Versions of relevant libraries:
[pip3] numpy==1.21.6
[pip3] numpydoc==1.5.0
[pip3] pytorch-ignite==0.3.0
[pip3] pytorch-lightning==1.9.5
[pip3] pytorch-ranger==0.1.1
[pip3] pytorch-transformers==1.2.0
[pip3] torch==1.13.1
[pip3] torch-optimizer==0.3.0
[pip3] torch-stoi==0.1.2
[pip3] torchaudio==0.13.1
[pip3] torchfile==0.1.0
[pip3] torchmetrics==0.11.4
[conda] numpy 1.21.6 pypi_0 pypi
[conda] numpydoc 1.5.0 pypi_0 pypi
[conda] pytorch-lightning 1.9.5 pypi_0 pypi
[conda] pytorch-ranger 0.1.1 pypi_0 pypi
[conda] torch 1.13.1 pypi_0 pypi
[conda] torch-optimizer 0.3.0 pypi_0 pypi
[conda] torch-stoi 0.1.2 pypi_0 pypi
[conda] torchaudio 0.13.1 pypi_0 pypi
[conda] torchmetrics 0.11.4 pypi_0 pypi

I would completely uninstall all CUDA 10.2 versions since your 3090s need CUDA 11+. Once this is done you could also try to run any other CUDA application on both devices and see if this would work as I don’t think the issue is specific to PyTorch.

1 Like

Thanks for your advice.
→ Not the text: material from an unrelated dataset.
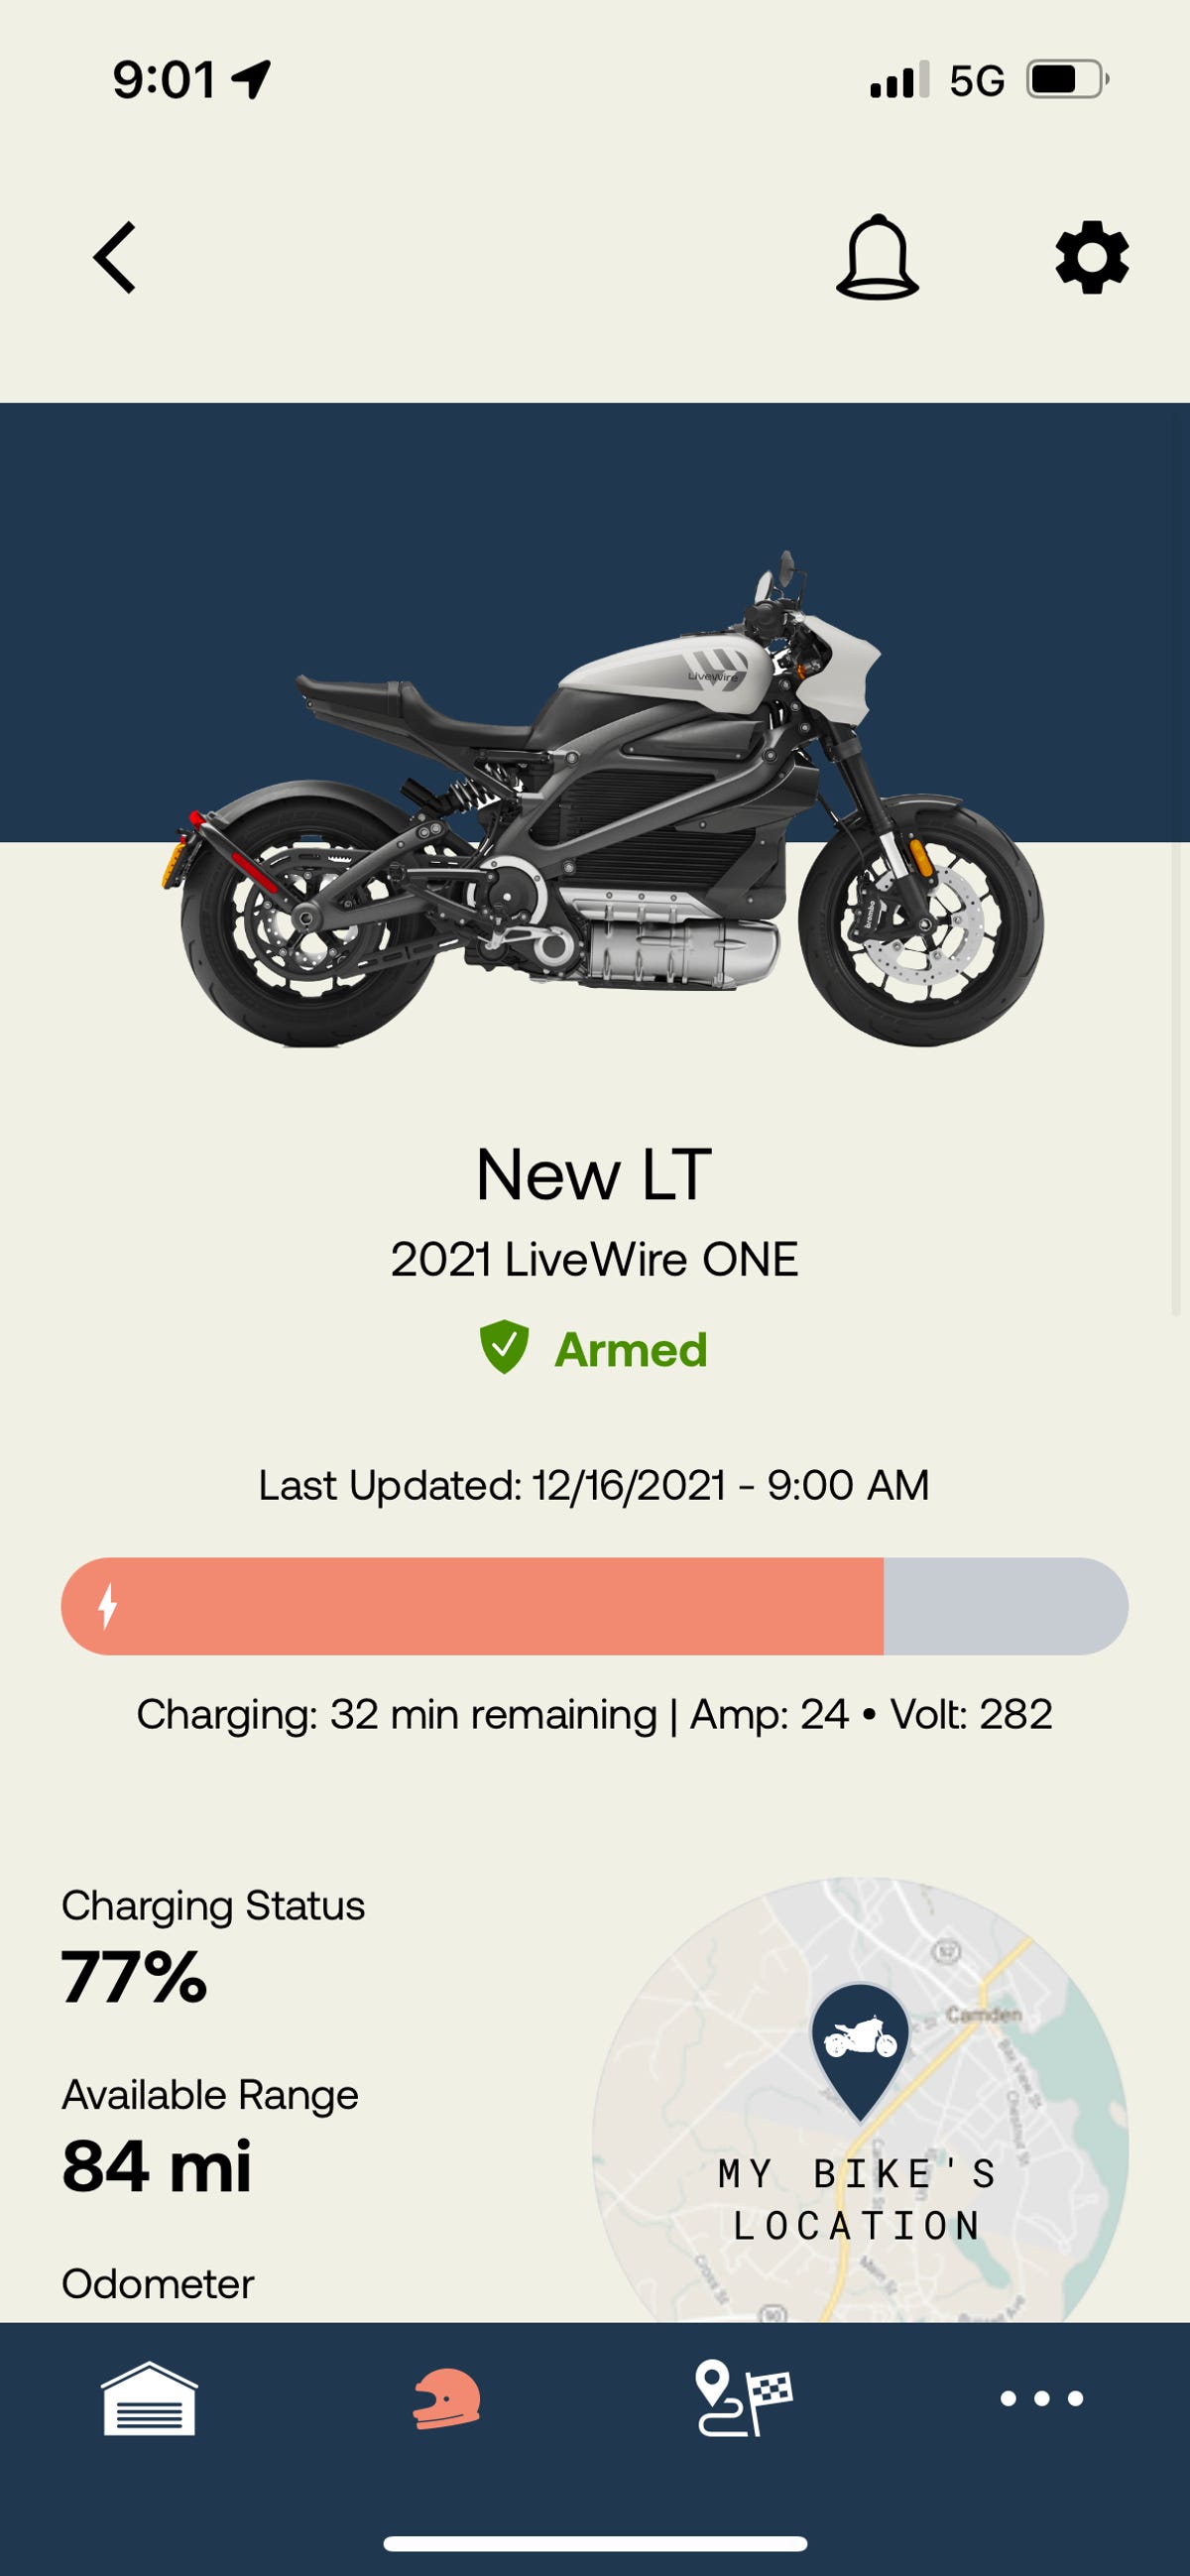 App showing the bike's location and charge status
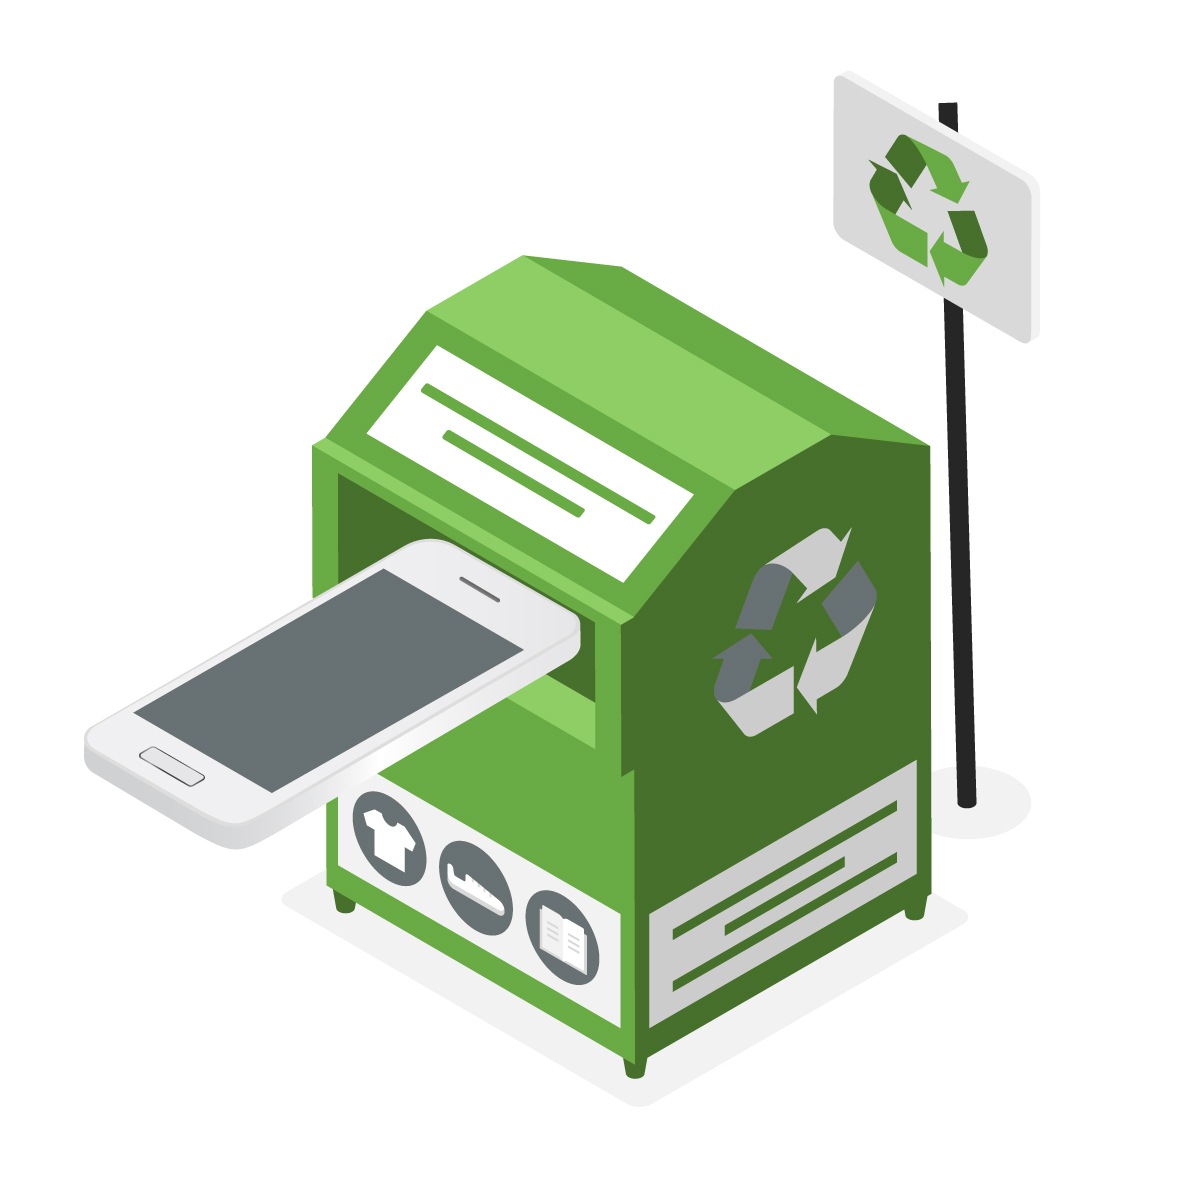 Isometric image of mobile phone recycling.

I made it to uninstall CUDA-10.2 completely, after that I run the script again on both devices but it doesn’t work and reported the same problem. It still can only run on card number 1. ::

After uninstalling CUDA10.2 with CUDA11.0 left, I tried to install a newer CUDA11.2 via local deb. A reboot still doesn’t work in the beginning, but the next day, it threw some exceptions: some files (for example, ~/.bashrc) are read-only, and creating a virtual env in anaconda is not allowed for not enough space, which implies a damage of file system. Tried to remount and adjust but failed. However, with a reboot again, everything back to normal.